Tuesday, May 7, 2013


Yesterday, I asked a friend of mine who recently had a baby how she liked motherhood. Her response was not what I was expecting, though it should have been exactly that. She said she loved her baby, and that he was awesome, but that she didn't feel like "the mommy" yet. And then she asked me if I had felt like the mommy as soon as my son was born, or if it had "clicked" somewhere down the road.

When I found out I was pregnant with my first child, I was in shock. I didn't think I could get pregnant, so when I found out that I was, it took...a while...before it really sank in. I wasn't able to work while I was pregnant because there was a very real risk that I would miscarry. And so my career, part of what had really defined me for many years, was suddenly on hold. So in a matter of a month, I had gone from a single career-oriented woman, to a married Army wife and soon to be mom with no job and no real sense of self. I was thrilled that I was pregnant, because I had always wanted to have children. But the way it happened was not how I imagined it would be.
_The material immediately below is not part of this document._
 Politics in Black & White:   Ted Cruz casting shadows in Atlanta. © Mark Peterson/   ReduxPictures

And there's the rub. Whether it's how or when we got pregnant, or what kind of mother we ultimately become, it's never how we planned it. I always thought that I would have a baby on my own, and that once the baby was born, I would go back to work and still be myself...just with a kid. But I got pregnant unexpectedly, after an unexpected marriage to a man who left for Iraq only a few months after we were married and I got pregnant. And so when my son was born, with no new husband there the way you imagine he will be when you get married, I was still trying to be the old me. The old me with the same friends, the same interests, the same selfish decision-making...just with a kid. My life had changed drastically in nine short months, and I was still clinging to the way things had been.
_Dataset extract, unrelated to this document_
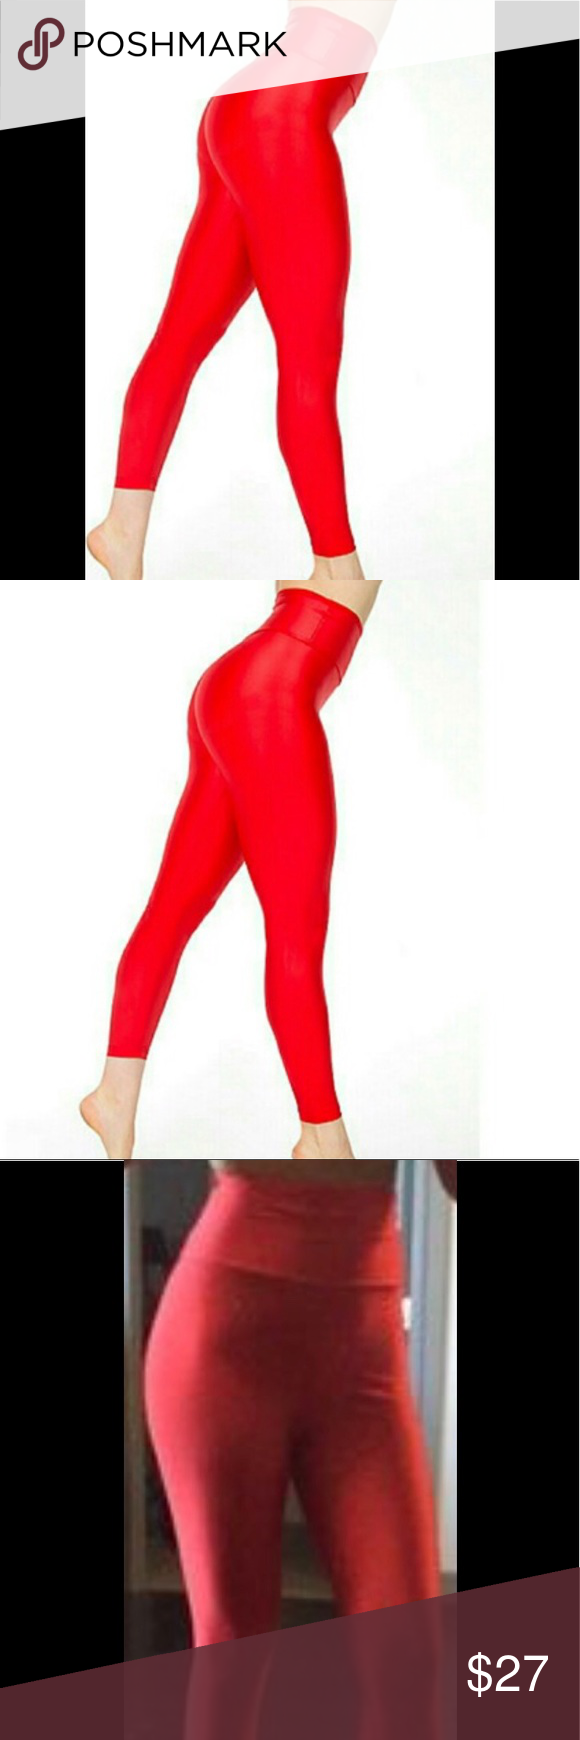 40d93d99da1b68 XS American Apparel high waist leggings American apparel Sz XS Form Fitted  (feel like compression

And then I had a wreck. A horrible, traumatic, twisted metal and shattered glass kind of wreck. My collar bone snapped and my head slammed into the side windshield giving me a giant hematoma on the side of my head while my car flipped and crashed and ultimately landed in a giant mud pit. And when the car finally stopped moving, it "clicked." I couldn't hear my son. There wasn't any movement. There wasn't any crying. It was just the eerie silence of five a.m. on the interstate in the middle of nowhere. And my heart just...stopped. And it didn't start beating again until I stuck my head through the shattered door window and saw his beady little eyes staring at me in the dark with a look of wonder and confusion. The ambulance showed up and was trying to assess my injuries and put me in a c-spine, but I wouldn't let them do anything for me until they checked Jameson. And when the paramedic came and told me that he was perfectly fine, not so much as a scratch on him, I burst into tears and was suddenly overcome with pain. My shoulder and my head throbbed. But he was ok, and that was all that mattered. And from that moment on, things were different.

Now, I'm not saying that women shouldn't expect to feel like the mommy until they've survived some kind of traumatic event. I could have just as easily experienced the "click" the first time I heard him say "momma," or any number of other random, seemingly mundane things that happen with kids. But for me, that was when I suddenly felt like "the mommy."
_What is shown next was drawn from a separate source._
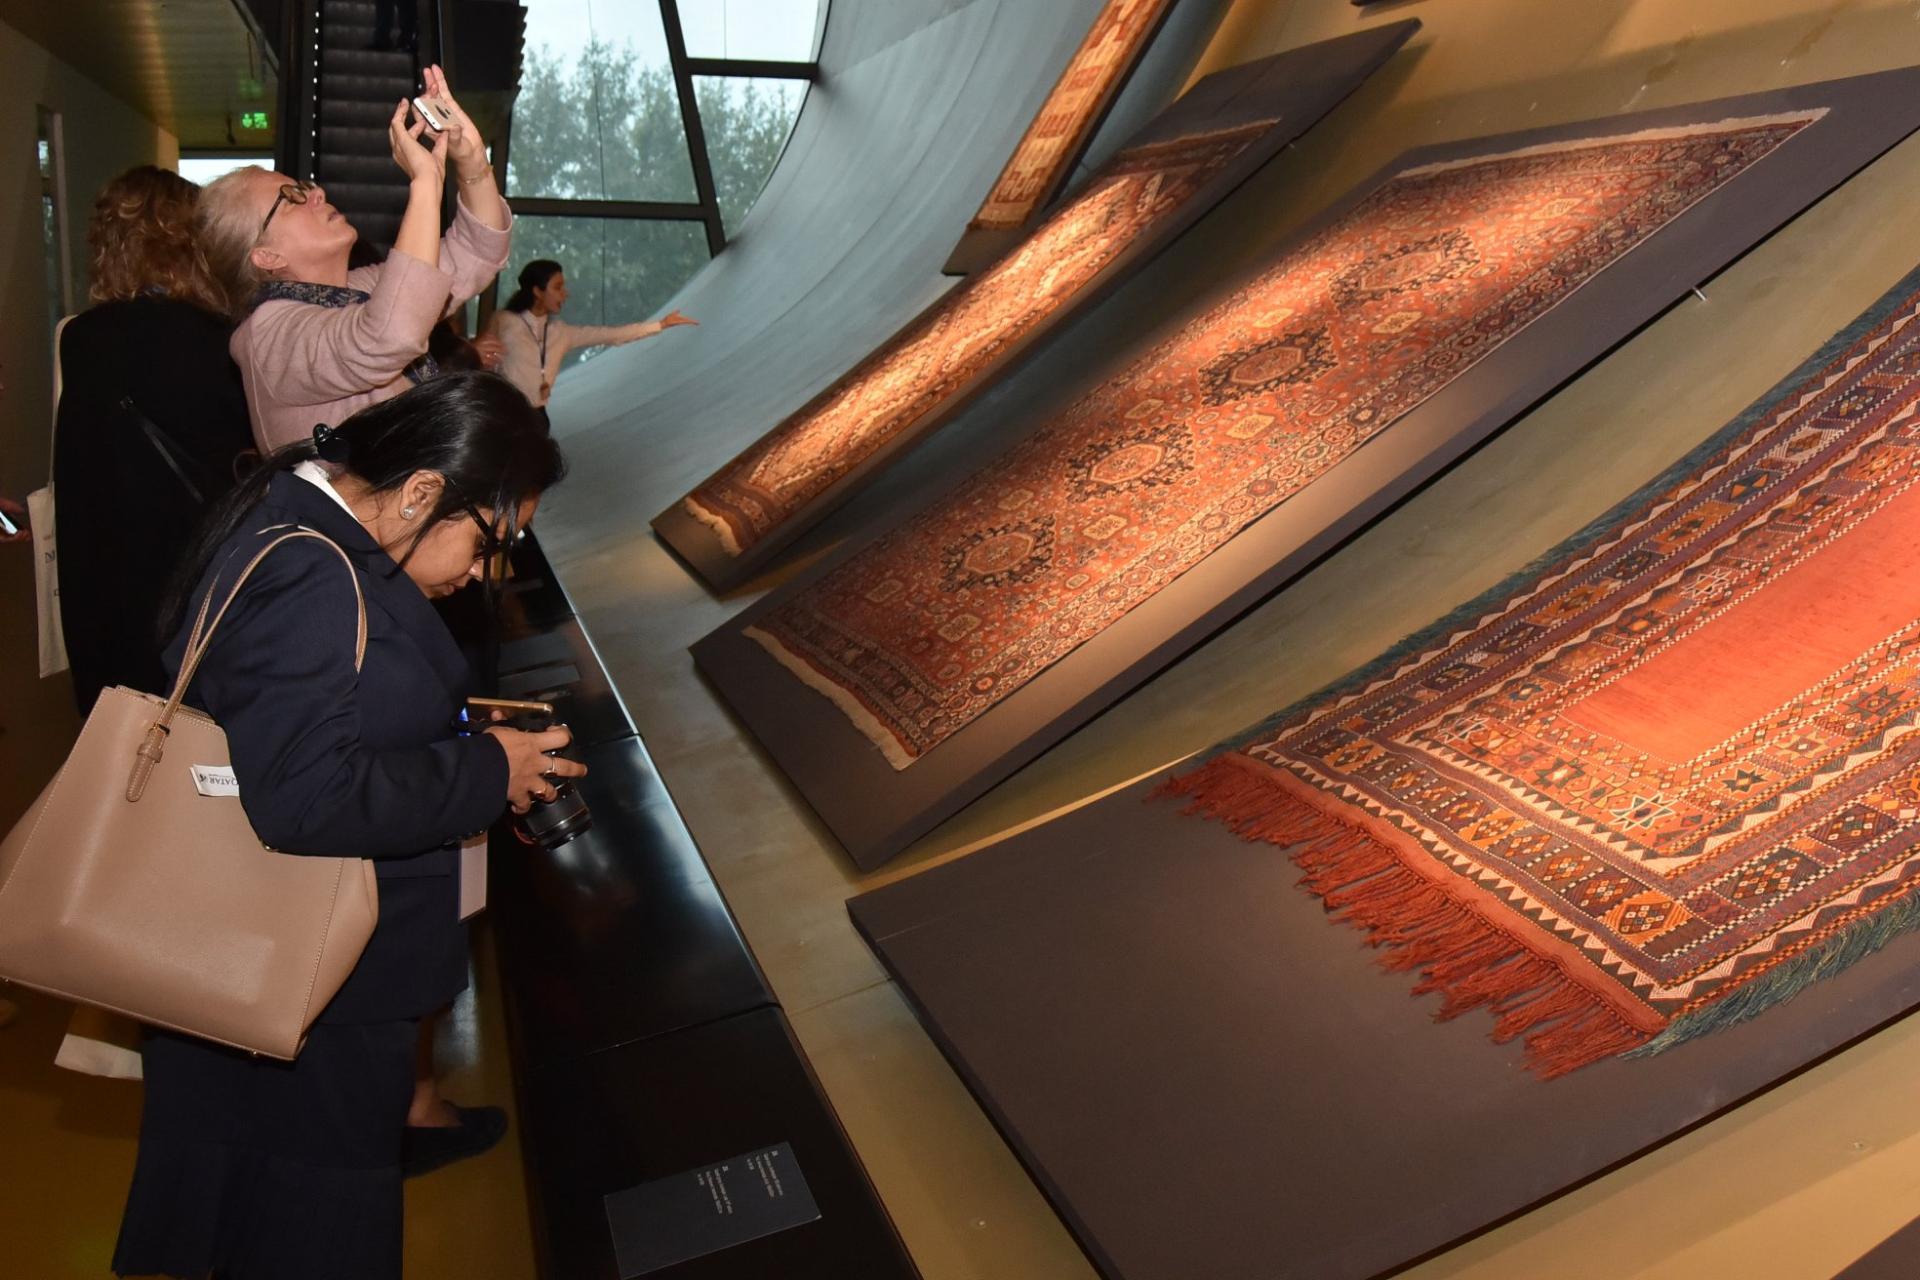 Хелена Кенигсмаркова: Азербайджанский музей ковра - музей моей мечты (ФОТО)

I never did go back to work. I had a daughter and now my full-time job is being the mommy to two kids. Sometimes I struggle with feeling like I have no identity anymore outside of being "the mommy." And sometimes I wonder if I would be happier if I went back to work and put the kids in daycare. But for me, with the transient, far from family life that we lead as a military family, that doesn't feel like the right choice for me and my kids. But, I am a remarkably calmer and more relaxed mommy now that I have two. I used to worry about every little thing with Jameson, and whenever he didn't reach a developmental milestone at the time specified by Dr. Knowitall in his book "Dr. Knowitall's Guide to Being a Mother," I inevitably blamed myself. Will he be ok as a formula fed baby because I couldn't breastfeed? (huuuuge guilt trip for me) Why is he constipated? When is he going to walk? Why isn't he talking like he should be? Why is he so afraid of other people? Should I send him to preschool or keep him at home? With Fallon, I have figured out the perfect feeding system to keep her pooping, she'll walk when she's ready, it's normal for her to not like strangers at this age, and yes, she'll probably go to preschool when it's time. She's dirty 80% of the time because she is an avid crawler, and I'm not going to limit her explorations because I want her to stay clean, nor am I going to waste precious time with my kids to turn into some psycho germaphobe compulsive cleaner because I don't want her legs to get dirty when she crawls around. It's dirt. She'll live.

We make plans. We have this vision of what kind of parent we will be. As mothers we are pressured from every direction by books, the media, moms who stay home, moms who work, moms who seem to do it all effortlessly but who in reality probably drink themselves into oblivion after the kids go to bed. But there really is no gold standard here. In the end, we are who we are, and that goes for what kind of mommy we are too. All that really matters is love. If you love your kids and you love your life and, most importantly, you love yourself, then you are the mommy that you're supposed to be. And whether you feel like "the mommy," or you feel like the same person you were before you gave birth, but now you have the extra added bonus of an awesome kid, that's completely and totally ok, too.